Новая тишина хрупче – но первые звуки пронизывают ее скорбным серебром. Траурная часть требует не стремительности, но чуткости: колдовство разрушит любая фальшь. Людвиг играет как слепой: находя клавиши наитием, касаясь их, будто чужих пальцев, форму которых нужно понять и изучить. Мысленно хватается за каждый звук, как в глубоком детстве хватался за ладонь матери – «Я же потеряюсь, потеряюсь!». Людвиг то и дело поднимает глаза, чтобы видеть, как умиротворение и печаль обнимают публику, разливаются зыбкой болью. Люди слышат. Понимают.
«Взгляните в глаза своих мертвецов. Взгляните».
На этот раз Людвиг готов к голосам – и просто опускает плечи, когда музыка тает, а голова заполняется воем. Все под контролем; он сыграл бы и без нот; он их помнит, но как же страшно, как дико – не слышать. До какого отчаяния доводит сама мысль: «Со мной что-то не так». Почему глухота? Откуда? Совсем легонько он качает головой в такт аккорду, надеясь вытрясти вой из ушей. Они уже не пульсируют, а ноют, и ужас расползается по груди, колет руки. Людвиг кидает в зал еще взгляд – и видит то же восхищенное спокойствие. Сердце, не выдержав панического «Что, если они все поймут?», спотыкается. Людвига ведет вперед, потом немного вбок – и он стонет сквозь зубы, но удерживается, удерживается и на банкетке, и в музыке, и даже в мысли: «Я пропал. Я обречен».
А потом легкие руки обхватывают его, помогают выпрямиться. Не нужно оборачиваться; не нужно: в нос бьет запах клевера, легкий, смешанный сегодня с чем-то чужеродным и страшным, но вполовину не таким страшным, как этот приступ.

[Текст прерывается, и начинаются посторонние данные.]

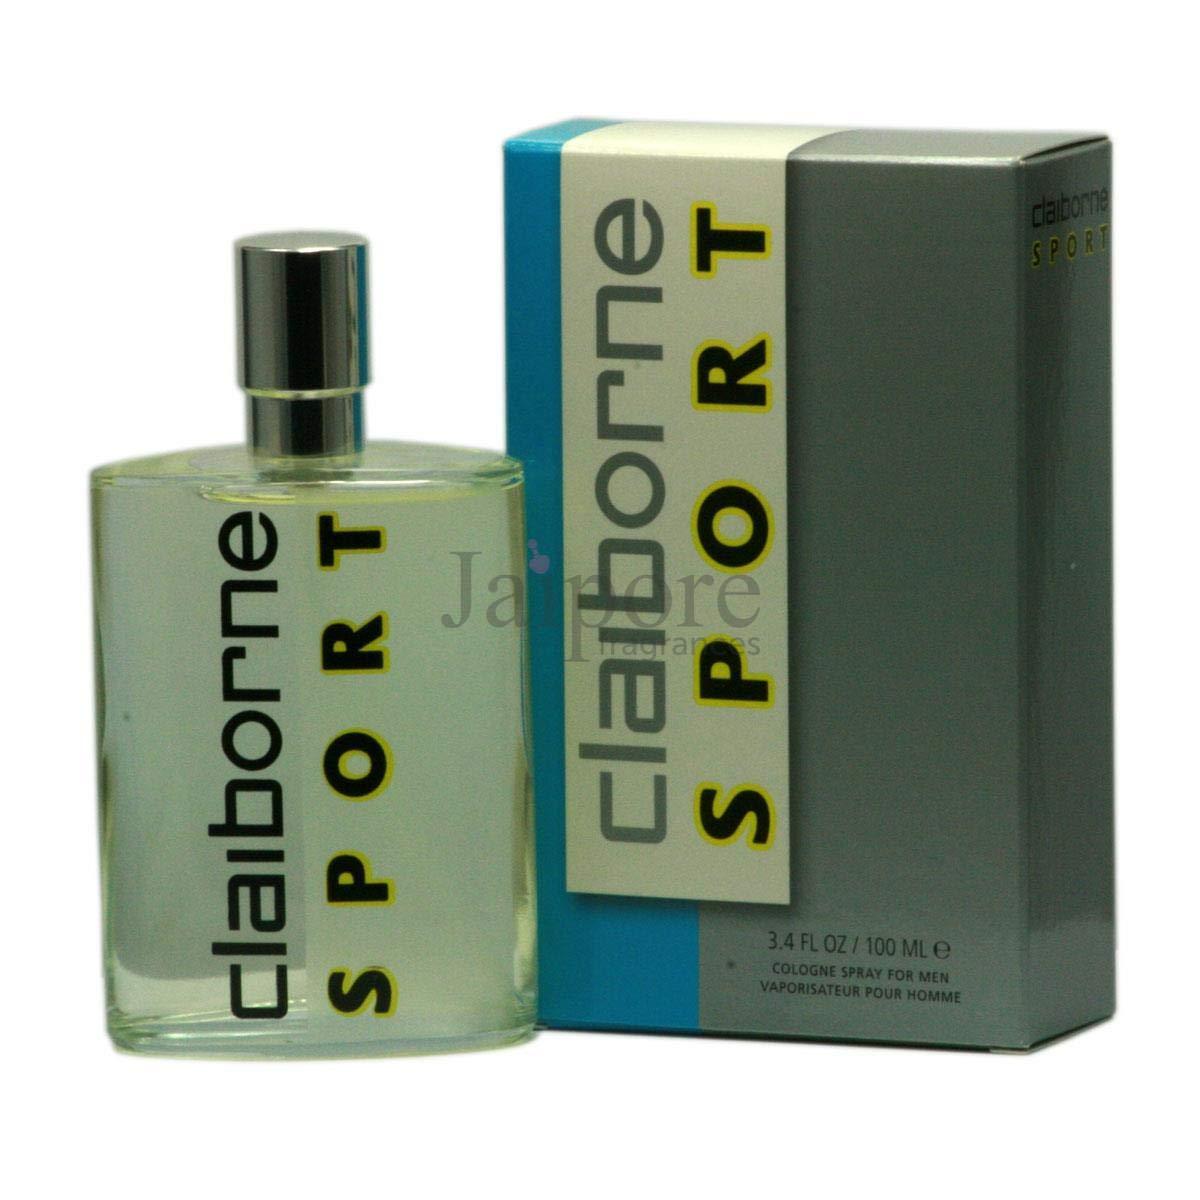 LIZ CLAIBORNE Sport By Liz For Men Eau-de-cologne Spray, 3.4 Ounce

– Я здесь, здесь, Людвиг, прости, прости…
За что извиняется она, обвивая его шею тонкими руками? Из-за чего дрожит голос, когда подбородок прижимается к волосам? Если бы заговорить… уверить: «Я не сержусь», взмолиться: «Спаси». Но он молчит, играя, как послушный автомат из тех, о которых сочиняются мрачные сказки; стискивает зубы от крепнущей боли в ушах. Звуков нет, ни единого, кроме шепота Безымянной. Она больше не утешает невидимку, она вся здесь и заклинанием повторяет: «Мне жаль». Ее руки теперь удавка, а тело холодно как лед.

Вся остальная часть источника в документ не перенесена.